== Dataset content

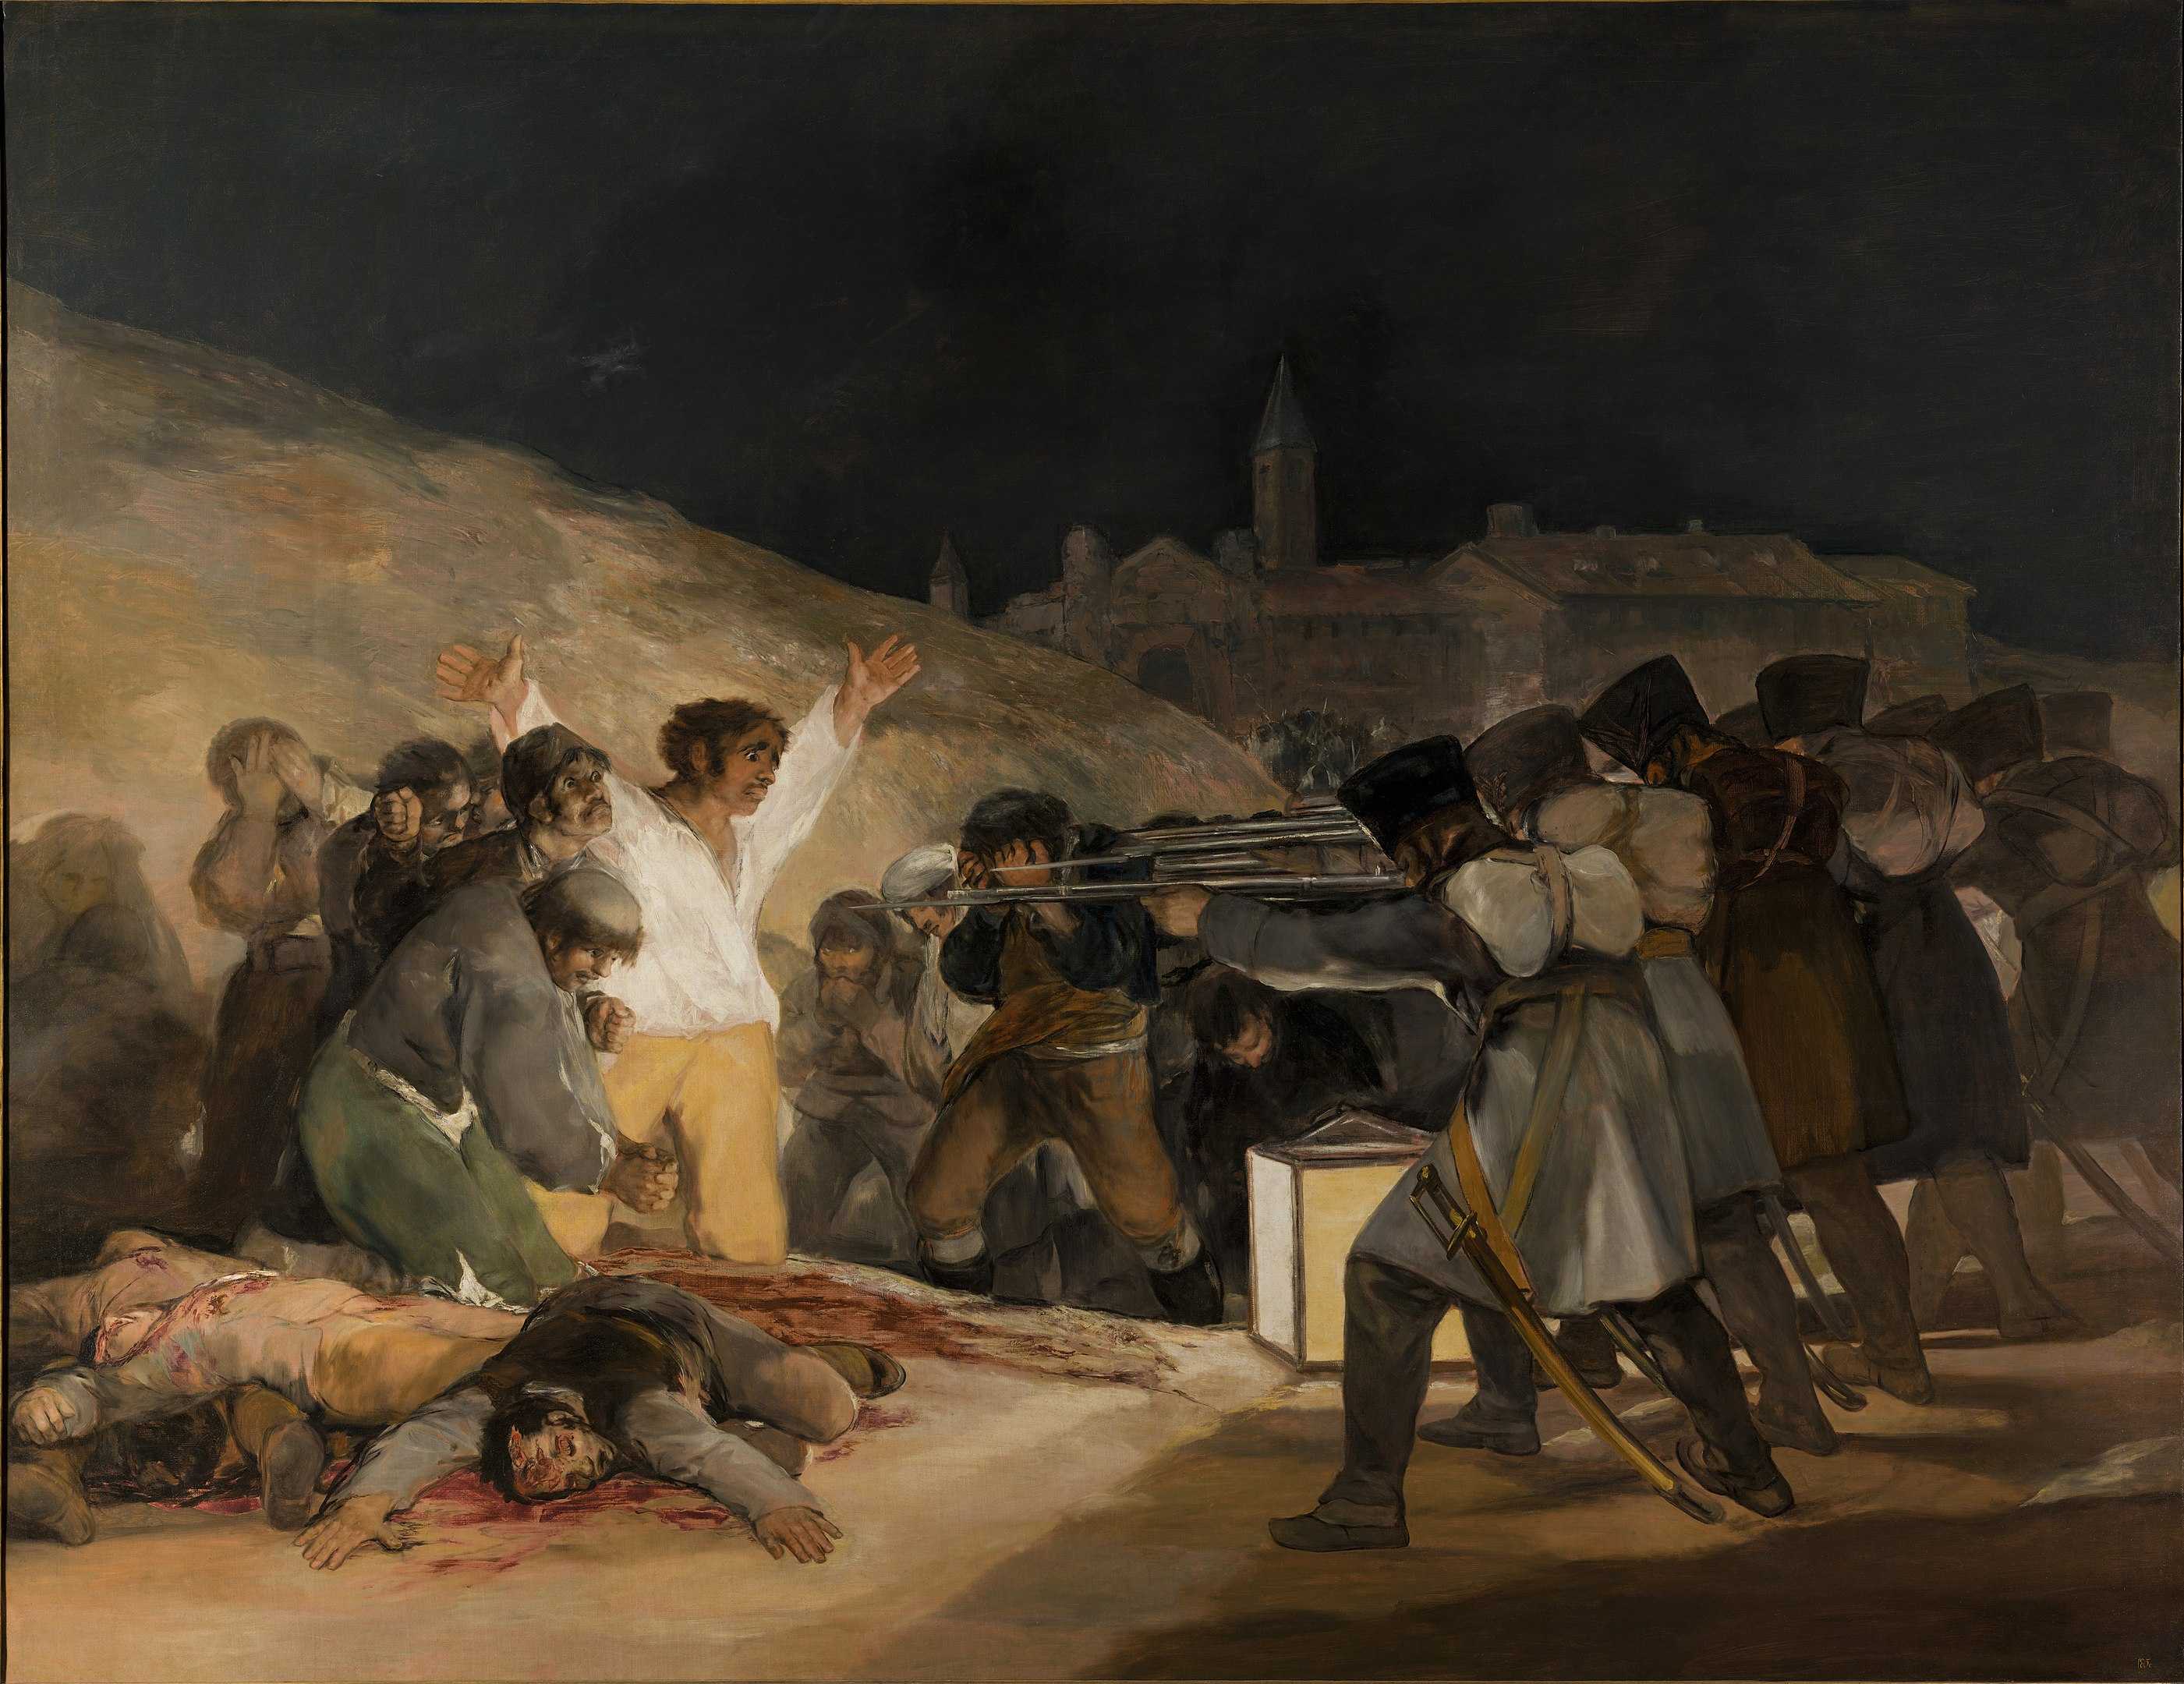 Find out more about Francisco Goya - El Tres de Mayo (The Third of May)
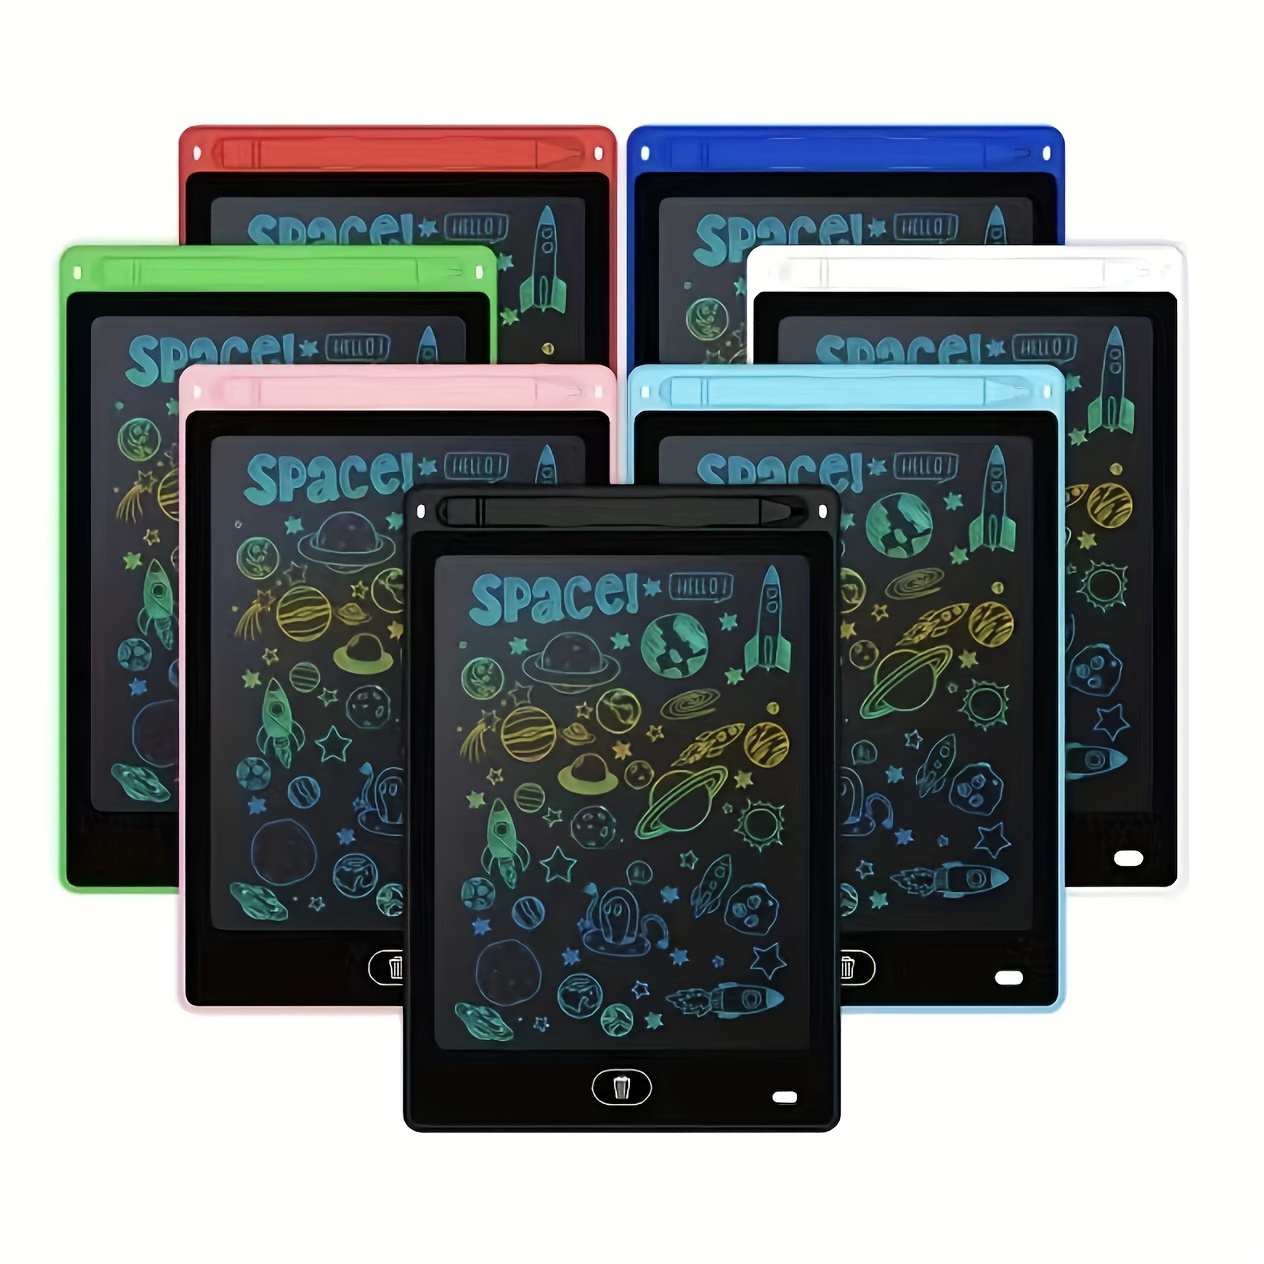 Colorful LCD Writing Tablet Electronic Touch Drawing Board Gift for Kids
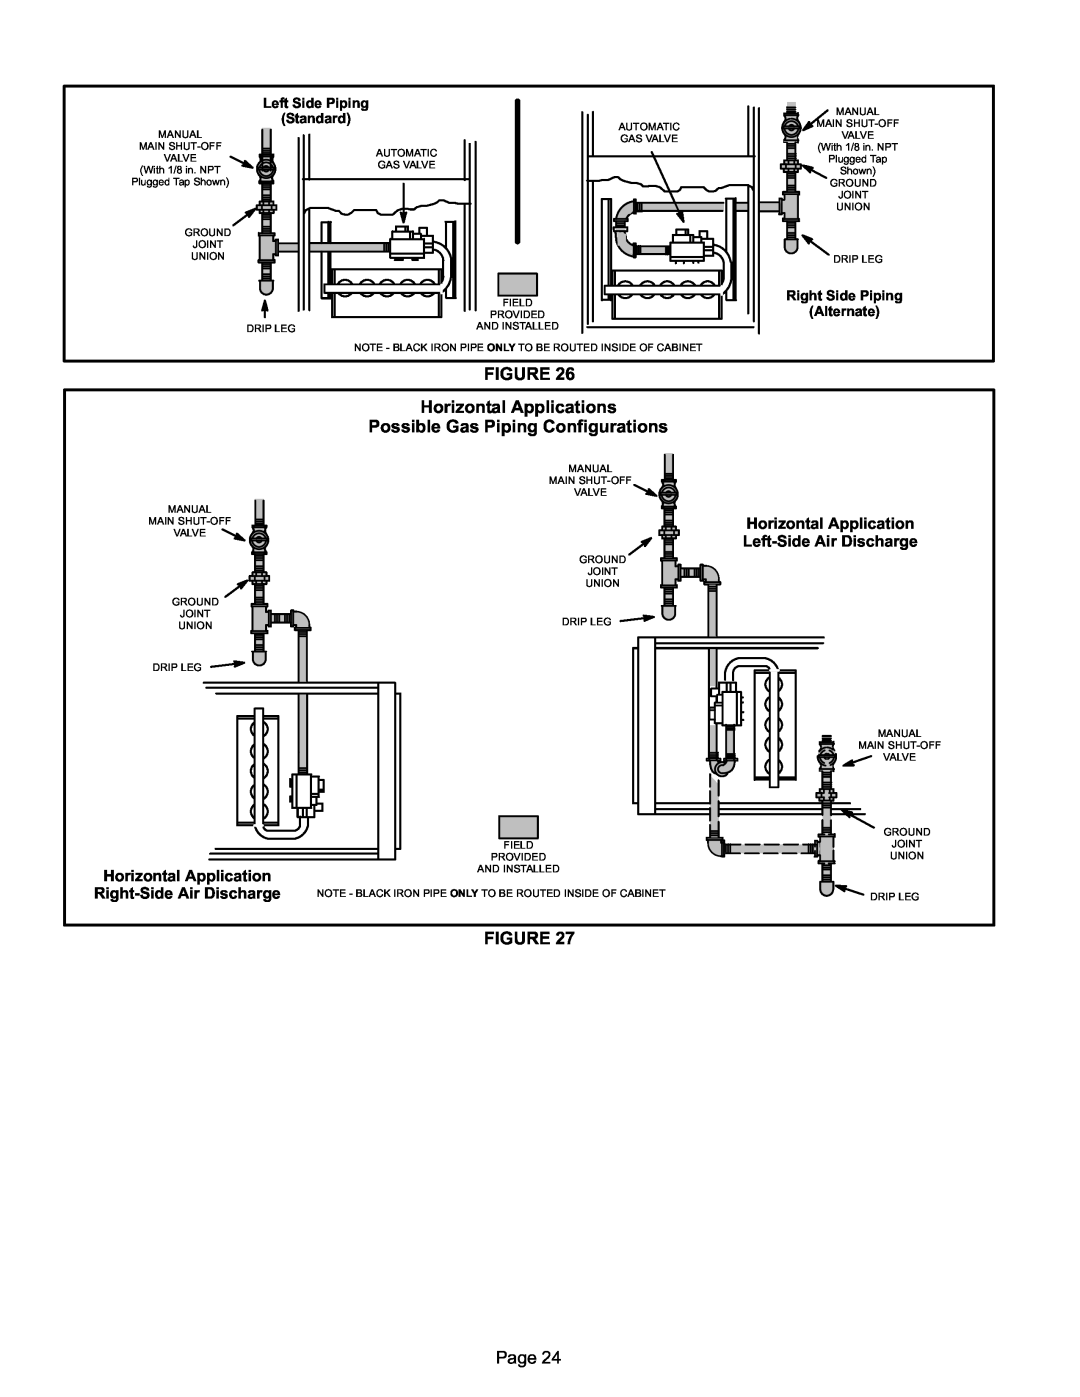 Lennox International Inc EL280UH FIGURE Horizontal Applications, Possible Gas Piping Configurations, Page

====

To do: An exact transcript of the listing is needed, free of pictures.

Written response:
 Find out more about Francisco Goya - El Tres de Mayo (The Third of May)
 Colorful LCD Writing Tablet Electronic Touch Drawing Board Gift for Kids
 Lennox International Inc EL280UH FIGURE Horizontal Applications, Possible Gas Piping Configurations, Page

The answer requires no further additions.